City employees failed to follow policies regarding public information requests that led to the release of Mayor-elect Hugh Hallman’s confidential tax records to his political opponent, an investigation has concluded.
As mayor, Hallman said he will work to protect the private information of Tempe residents and employees by installing more checks and balances.
“We need to have further discussions to ensure that the release of information is not subject to human judgment and error,” Hallman said.
The report, released Tuesday, made several recommendations to guard against future incidents, including offering more information about public records on the city’s Web site and more training for city employees.

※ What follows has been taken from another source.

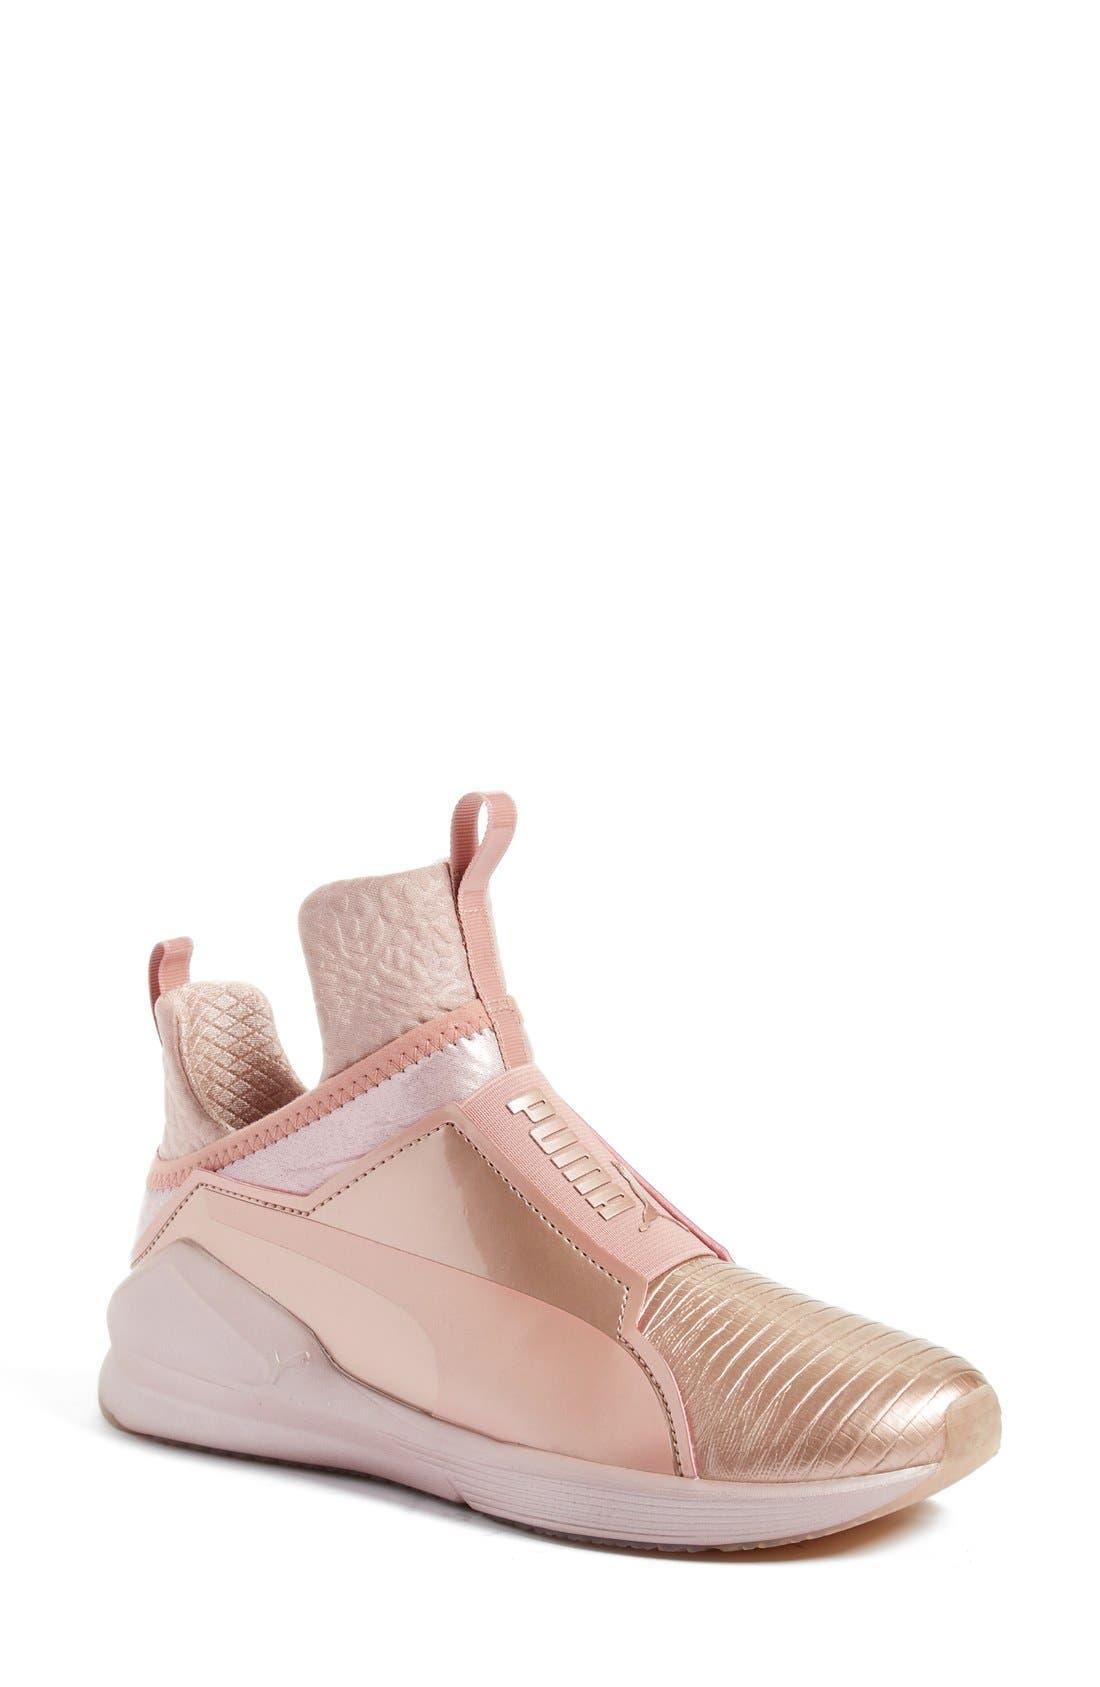 Alternate Image 1 Selected - PUMA Fierce Metallic High Top Sneaker (Women)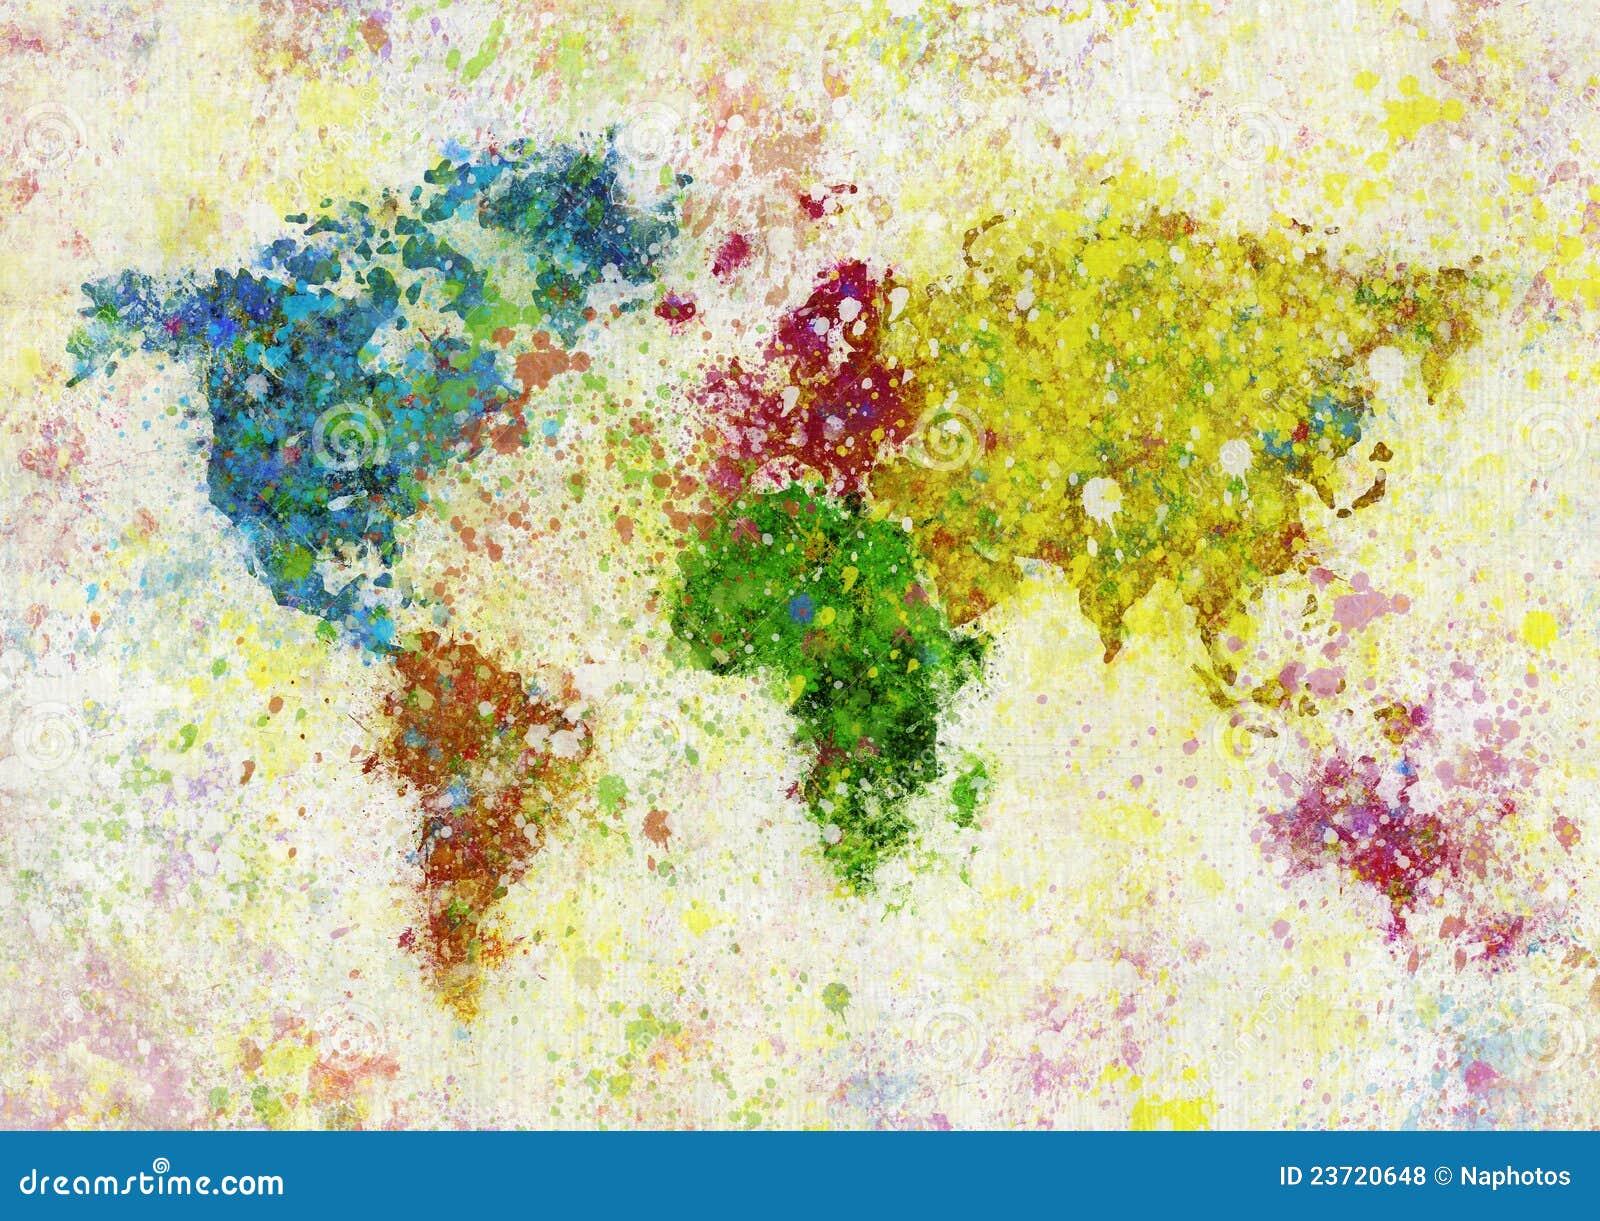 World map painting stock illustration illustration of directional world map painting royalty free stock photos gumiabroncs Images

Since more than one department was involved in handling the request for Hallman’s financial records by mayoral candidate and former Councilman Dennis Cahill, the report stated that the City Attorney’s Office should have been contacted.
Had the office been contacted, internal audit manager Ken Jones said the incident would have been avoided.
The report said the release violated city policy. However, City Attorney Marlene Pontrelli said her office was looking into whether any federal laws were broken.
The city could call for an independent inquiry if any laws were violated, said City Manager Will Manley.
Manley called for the investigation last month after Councilman Leonard Copple admitted that he supplied Cahill’s campaign with the tax records.
Copple said he requested Hallman’s financial information — but not his W-2 forms — from Tempe’s public information office. Copple also received copies of Hallman’s pay stubs, which contained bank account numbers.
Most of the information contained in the W-2 for an elected official, such as salary, is public information and must be provided in other forms upon request.